1.9. Получение штаммов MSG1.0 [pPYC], MSG1.1 [pPYC], MSG2.0 [pPYC], MSG2.1 [pPYC], MSG3.0 [pPYC], MSG3.1 [pPYC].
Штаммы бактерий Escherichia coli MSG1.0 [pPYC], MSG1.1 [pPYC], MSG2.0 [pPYC], MSG2.1 [pPYC], MSG3.0 [pPYC], MSG3.1 [pPYC] - продуценты янтарной кислоты - получены в результате трансформации штаммов MSG1.0, MSG1.1, MSG2.0, MSG2.1, MSG3.0, MSG3.1 плазмидой pPYC, содержащей ген русА, кодирующий функционально активную пируват карбоксилазу из Bacillus subtilis (RU 2466186), по стандартной методике (Sambrook et al, "Molecular Cloning: A Laboratory Manual, Second Edition", Cold Spring Harbor Laboratory Press, 1989).
Пример 2. Продукция янтарной кислоты заявляемыми штаммами бактерий Escherichia coli.
2.1. Характеристика коэффициентов конверсии глюкозы в янтарную кислоту заявляемыми штаммами бактерий Escherichia coli.

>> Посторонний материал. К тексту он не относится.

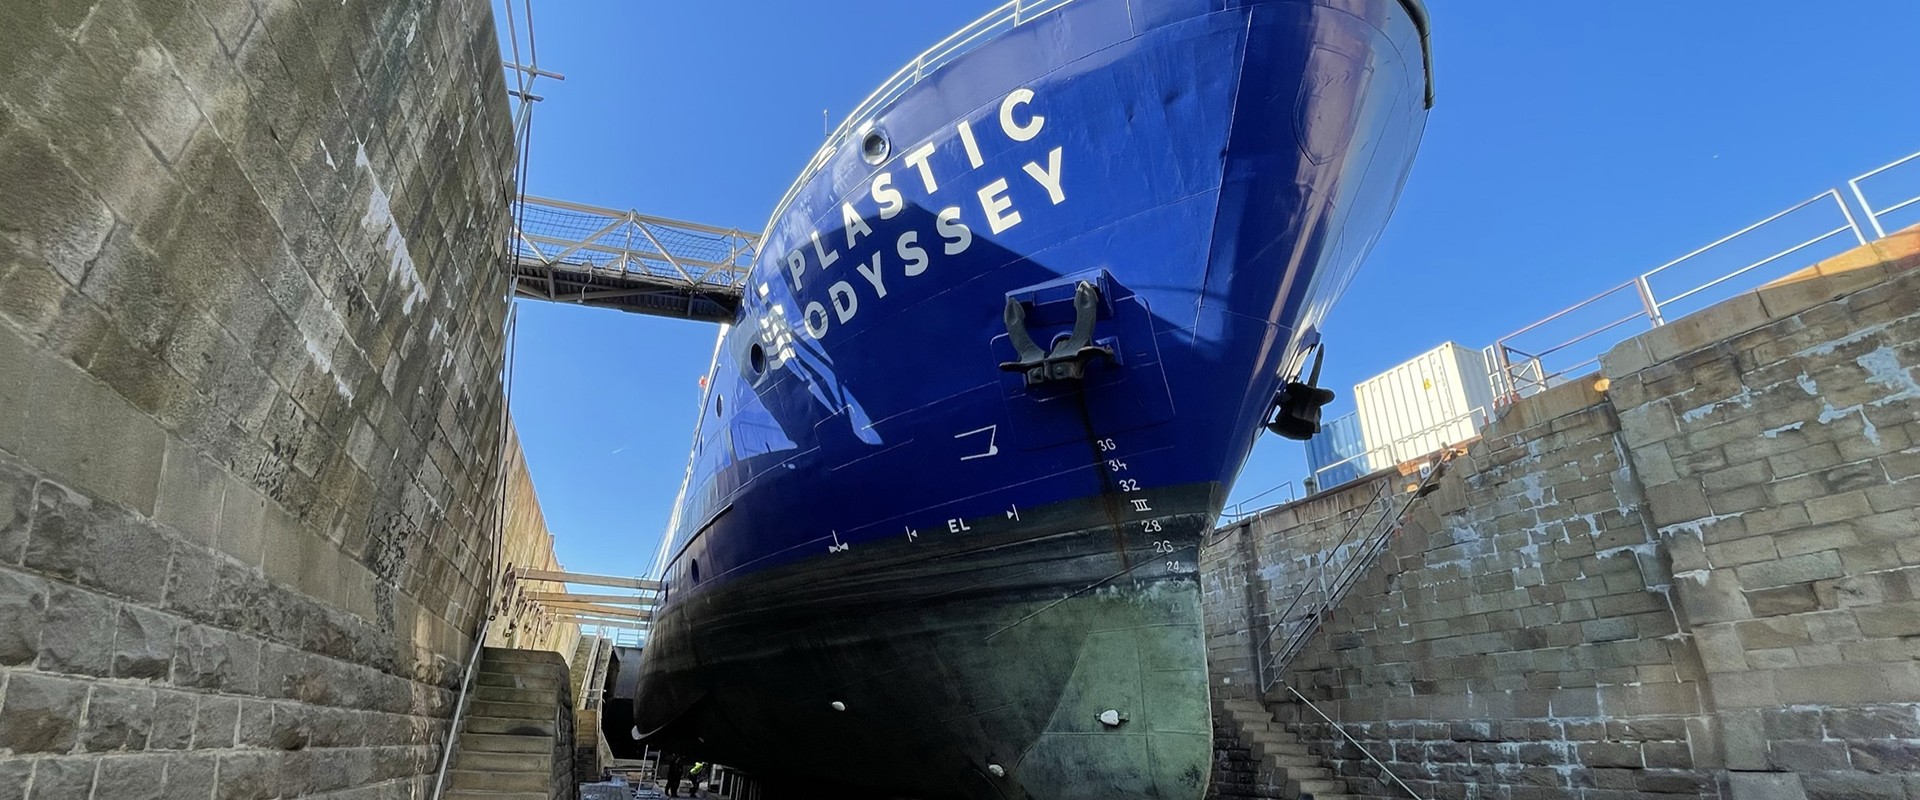 El Plastic Odyssey en dique de reparación naval

Клетки штамма MSG1.0 [pPYC] или MSG1.1 [pPYC] или MSG2.0 [pPYC] или MSG2.1 [pPYC] или MSG3.0 [pPYC] или MSG3.1 [pPYC] выращивают в течение ночи в среде М9 (Sambrook, J., Fritsch, E.F., and Maniatis, T., "Molecular Cloning: A Laboratory Manual, Second Edition", Cold Spring Harbor Laboratory Press, 1989), содержащей 2 г/л глюкозы и 1 г/л триптона, при 37°С. По 5 мл полученных ночных культур разбавляют в 10 раз, добавляют 45 мл среды М9, содержащей 5 г/л триптона и 10 г/л глюкозы. Полученные культуры выращивают в колбах объемом 750 мл закрытых ватными пробками при 37°С на роторной качалке при 250 об/мин в течение 7 часов. Полученные клеточные суспензии центрифугируют в течение 15 минут при 4000 об/мин при 4°С. Осадки ресуспендируют в 15 мл минимальной солевой среды М9, содержащей 5 г/л глюкозы и 5 г/л NaHCO3. Затем проводят инкубацию полученных клеточных культур в течение 24 часов в пробирках объемом 15 мл закрытых невентилируемыми пробками при 37°С на роторной качалке при 250 об/мин. Для поддержания плазмиды pPYC все среды содержат дополнительно 100 мг/л ампициллина. Концентрации органических кислот и остаточной глюкозы в культуральной жидкости, освобожденной от биомассы центрифугированием, определяют методом высокоэффективной жидкостной хроматографии с использованием системы Waters HPLC system (Waters, Milford, MA, USA). Для измерения концентраций органических кислот используют ион-эксклюзионную колонку Rezex ROA-Organic Acid Н+ (8%) (300×7,8 mm, 8 µm, Phenomenex, USA). Детекцию осуществляют при длине волны 210 нм. В качестве подвижной фазы используют водный раствор серной кислоты (2,5 мМ) со скоростью потока 0,5 мл/мин. Для измерения концентрации глюкозы, система Waters HPLC system комплектуют рефрактивным детектором Waters 2414 и колонкой Spherisorb-NH2 (4,6×250 mm, 5 µm, Waters, USA). В качестве подвижной фазы используют смесь ацетонитрил/этилацетат/вода (объемное соотношение 76/4/20) со скоростью потока 1 мл/мин. Вещества идентифицируют при сравнении времени их удерживания со временем удерживания соответствующих стандартов.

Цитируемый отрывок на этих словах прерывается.